_EXERCISE_:
Write out the stretch of lines below that begins at the line with "Bildgröße: 36 x 26 Zoll" and ends at the line with "Rahmengröße: 43,5 x 33,5 Zoll", including both, exactly as given and nothing more.

_DATASET CONTENT_:
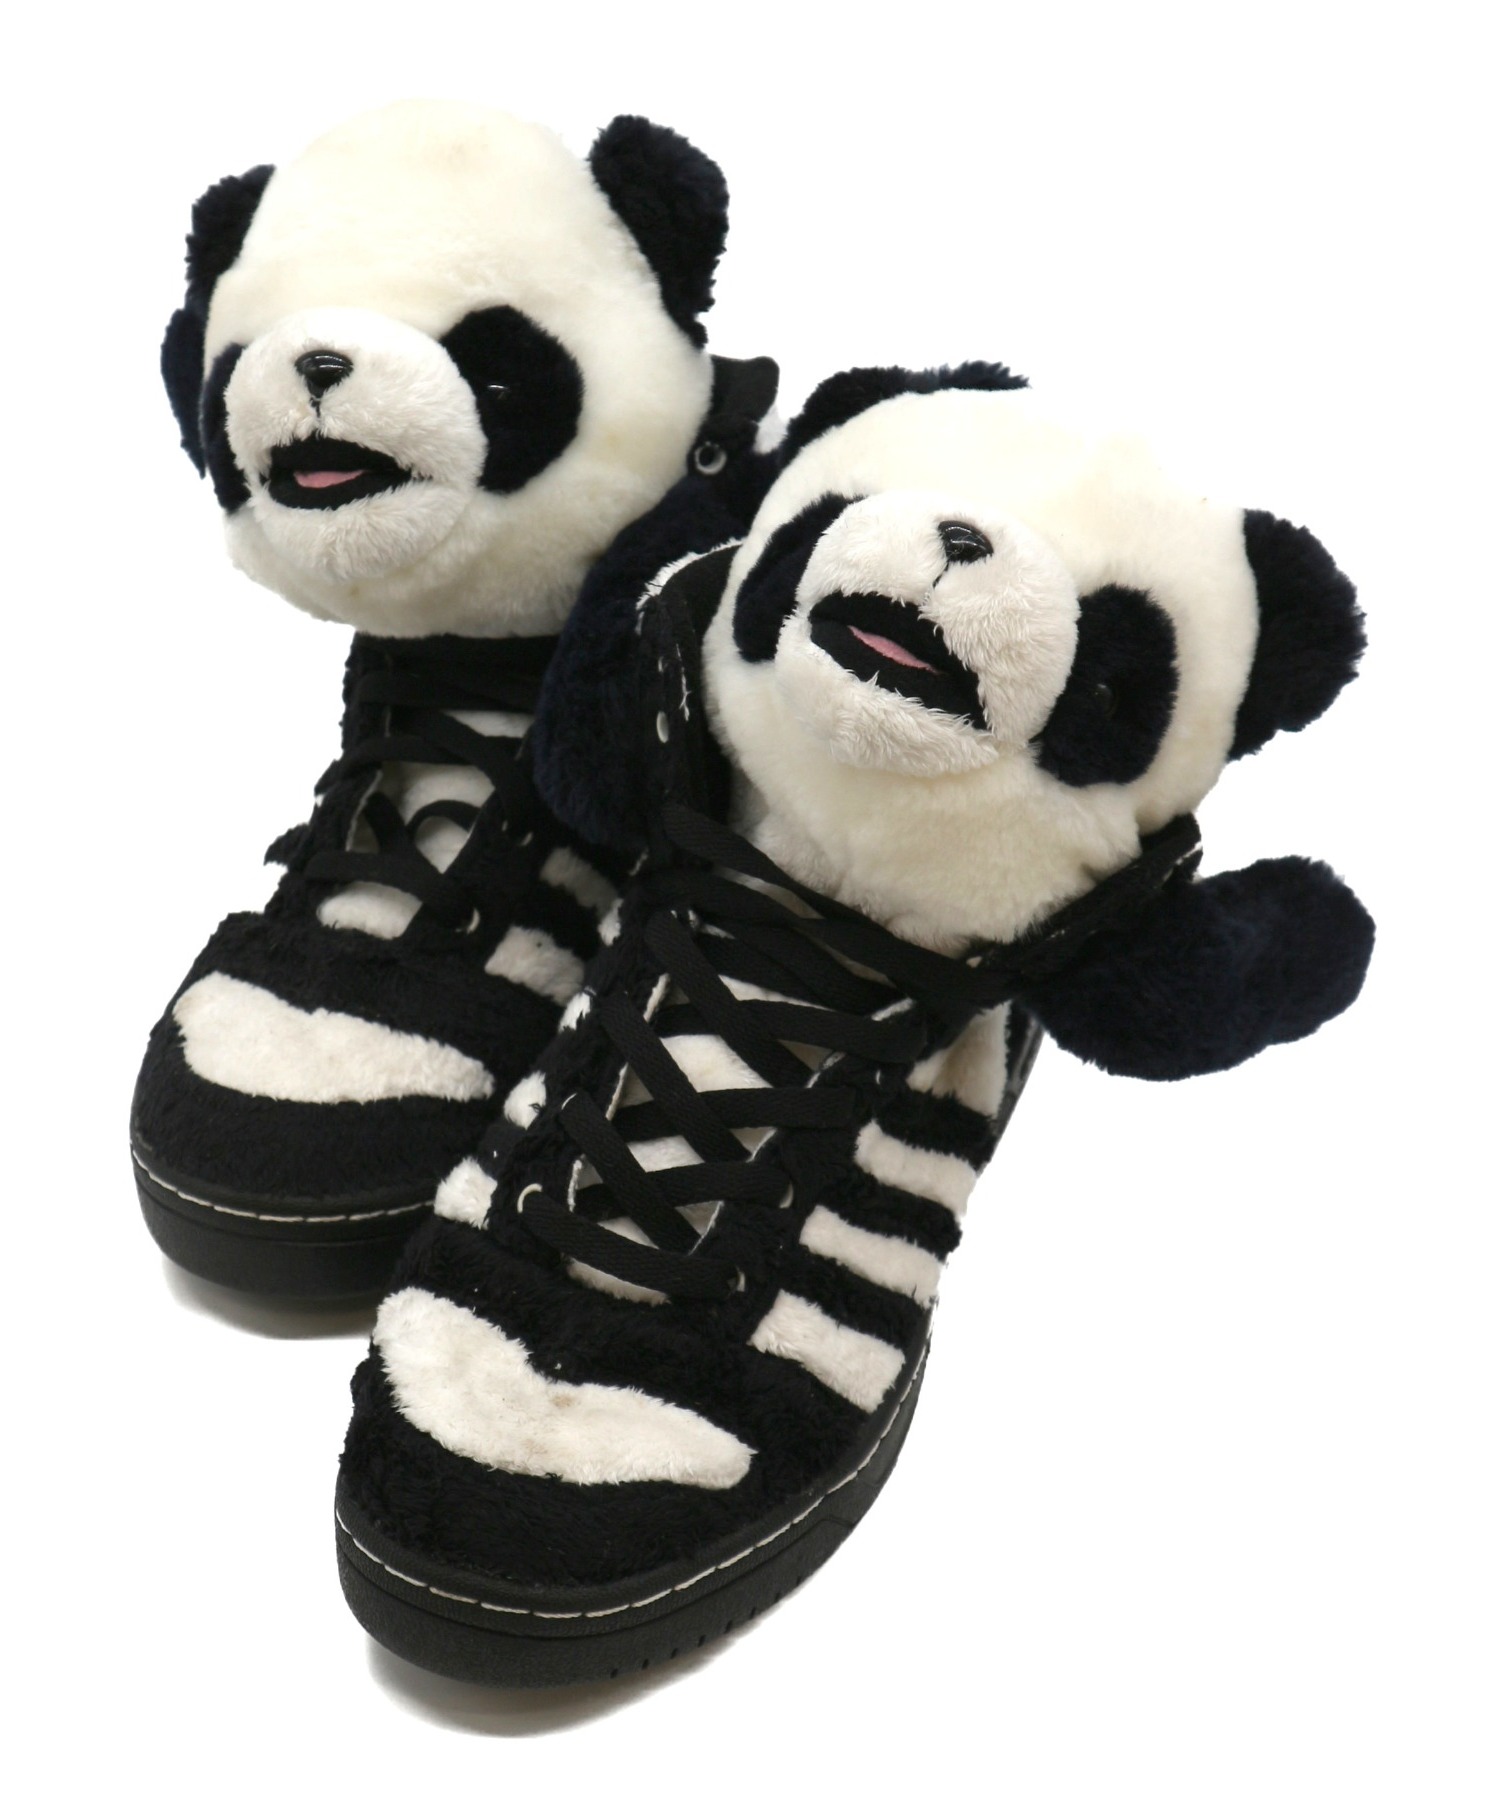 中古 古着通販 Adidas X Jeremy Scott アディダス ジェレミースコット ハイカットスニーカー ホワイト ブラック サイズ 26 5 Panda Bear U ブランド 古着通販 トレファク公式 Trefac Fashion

--

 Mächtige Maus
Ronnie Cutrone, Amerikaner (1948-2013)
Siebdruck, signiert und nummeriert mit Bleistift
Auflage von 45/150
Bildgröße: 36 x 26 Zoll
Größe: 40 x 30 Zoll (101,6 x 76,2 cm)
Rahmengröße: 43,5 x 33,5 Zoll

_TASK SOLUTION_:
Bildgröße: 36 x 26 Zoll
Größe: 40 x 30 Zoll (101,6 x 76,2 cm)
Rahmengröße: 43,5 x 33,5 Zoll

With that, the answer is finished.